* Records shown
☆ ☆ ☆ ☆

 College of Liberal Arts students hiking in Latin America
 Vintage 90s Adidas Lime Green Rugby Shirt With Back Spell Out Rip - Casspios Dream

☆ ☆ ☆ ☆

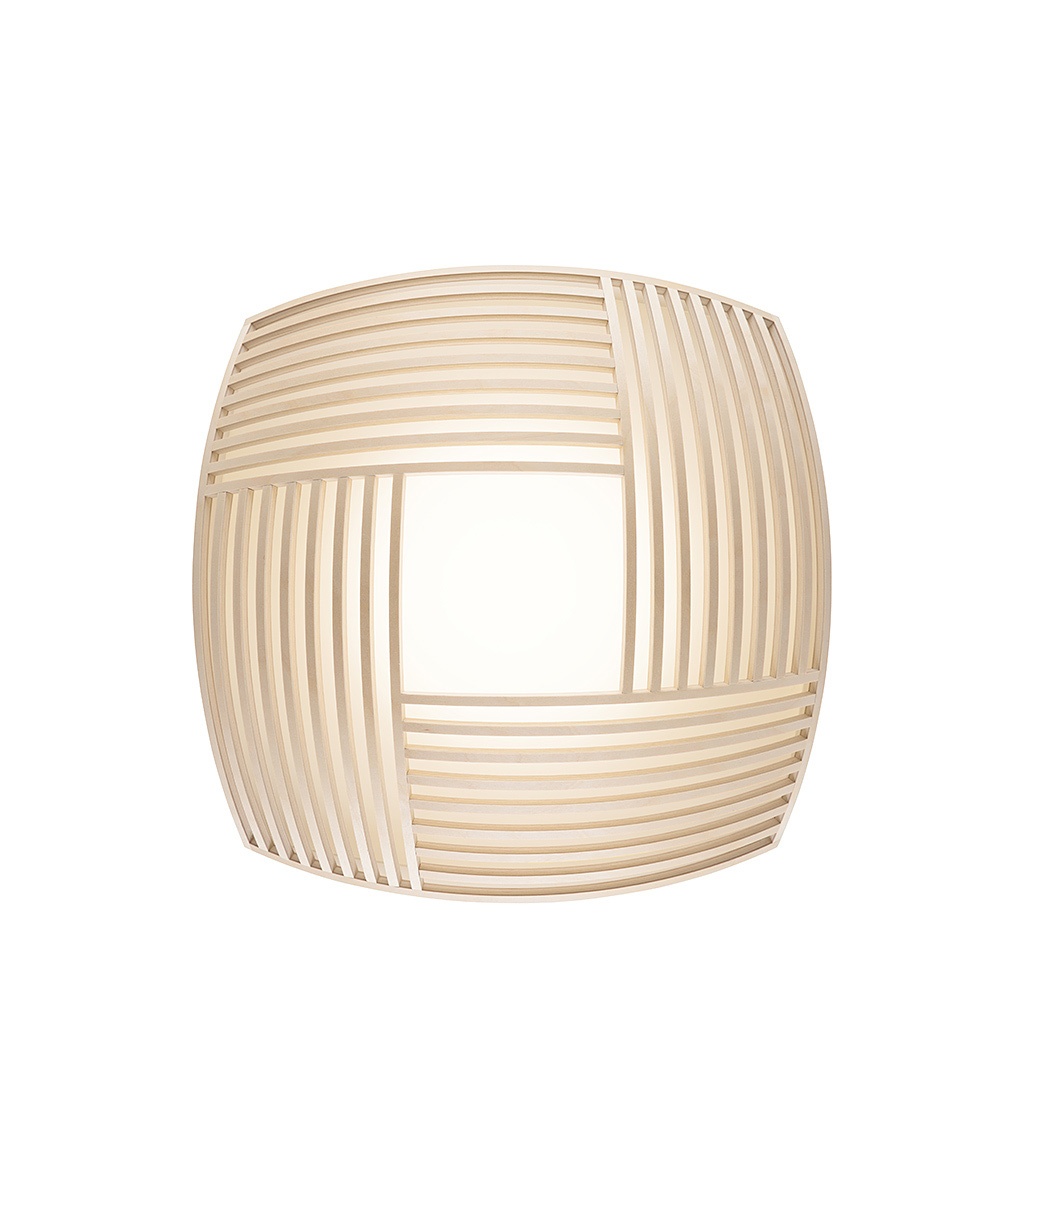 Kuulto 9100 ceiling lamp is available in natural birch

☆ ☆ ☆ ☆

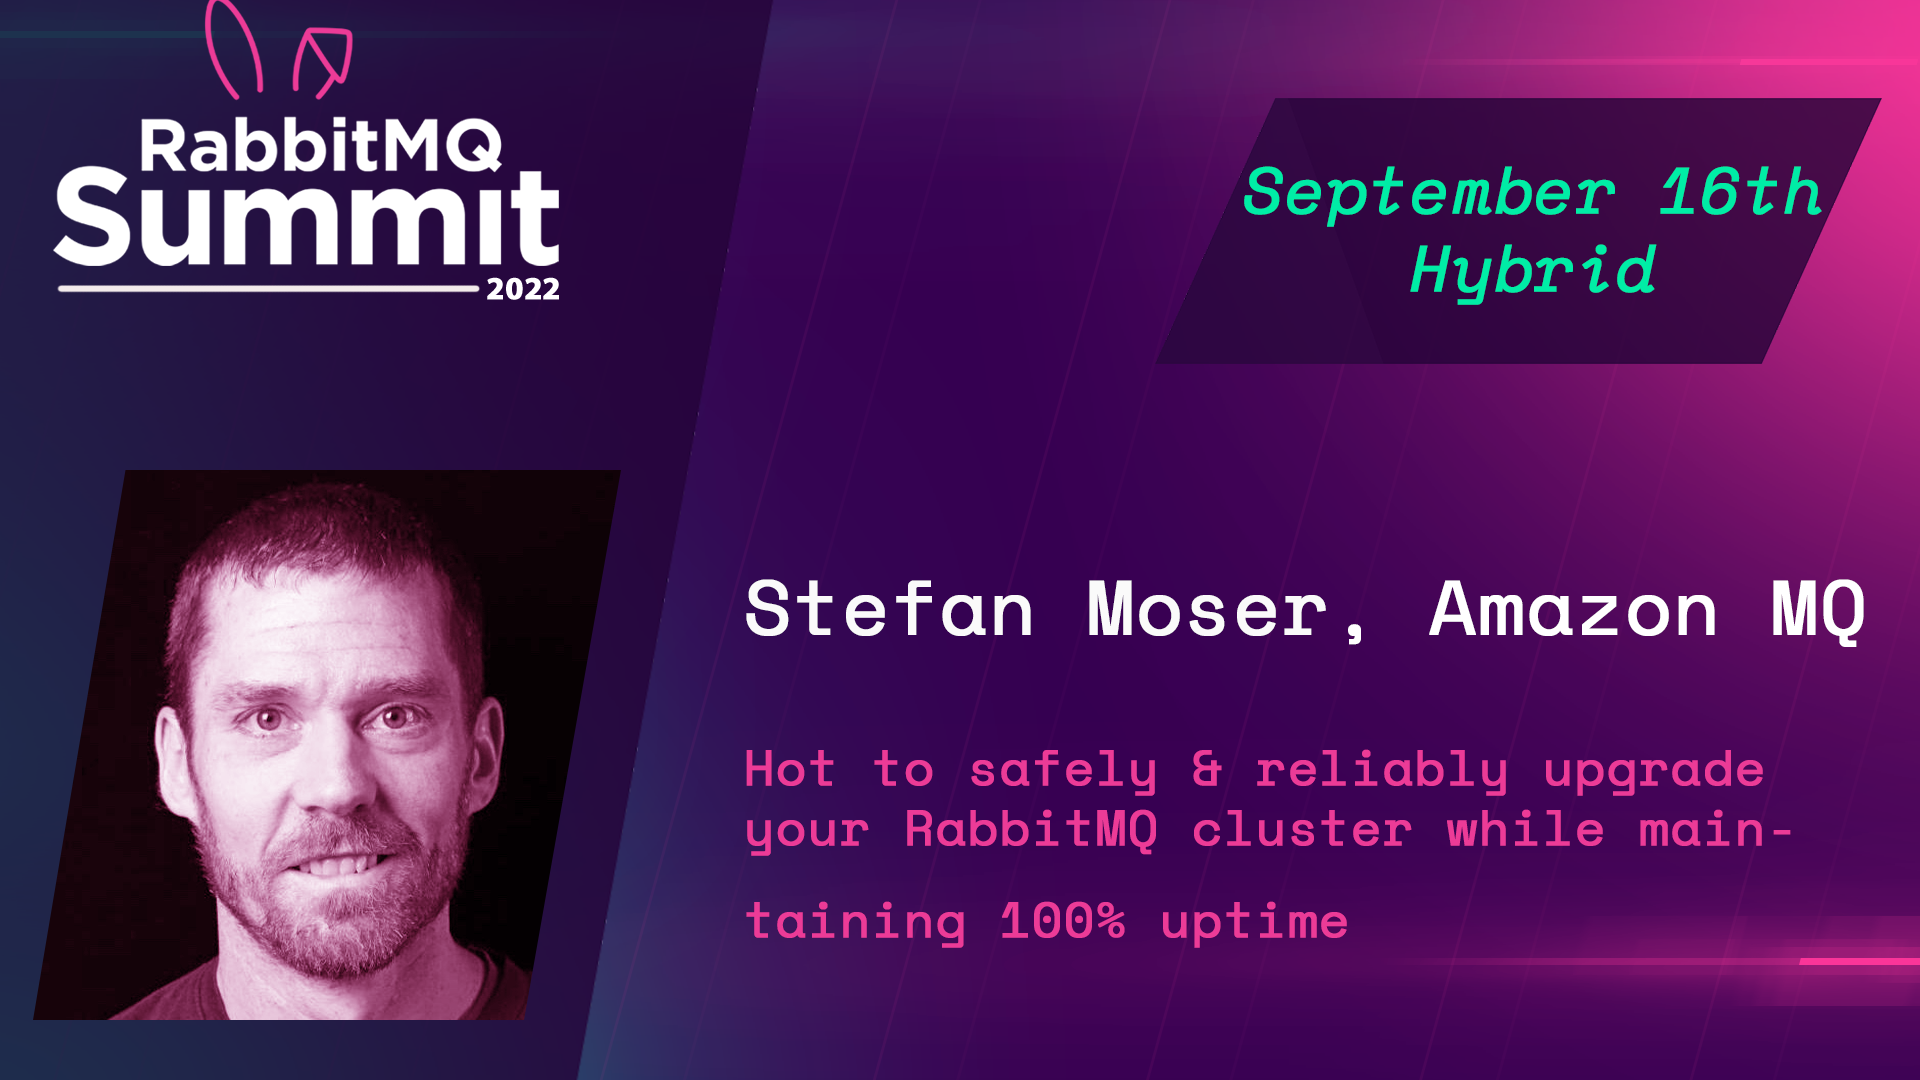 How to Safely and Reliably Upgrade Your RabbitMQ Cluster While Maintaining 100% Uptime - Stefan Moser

☆ ☆ ☆ ☆

* What is required
Everything above from the line containing "College of Liberal" down to the line containing "Vintage 90s Adidas" is to be transcribed exactly, with both of those lines included and nothing else added.

* Expected answer
 College of Liberal Arts students hiking in Latin America
 Vintage 90s Adidas Lime Green Rugby Shirt With Back Spell Out Rip - Casspios Dream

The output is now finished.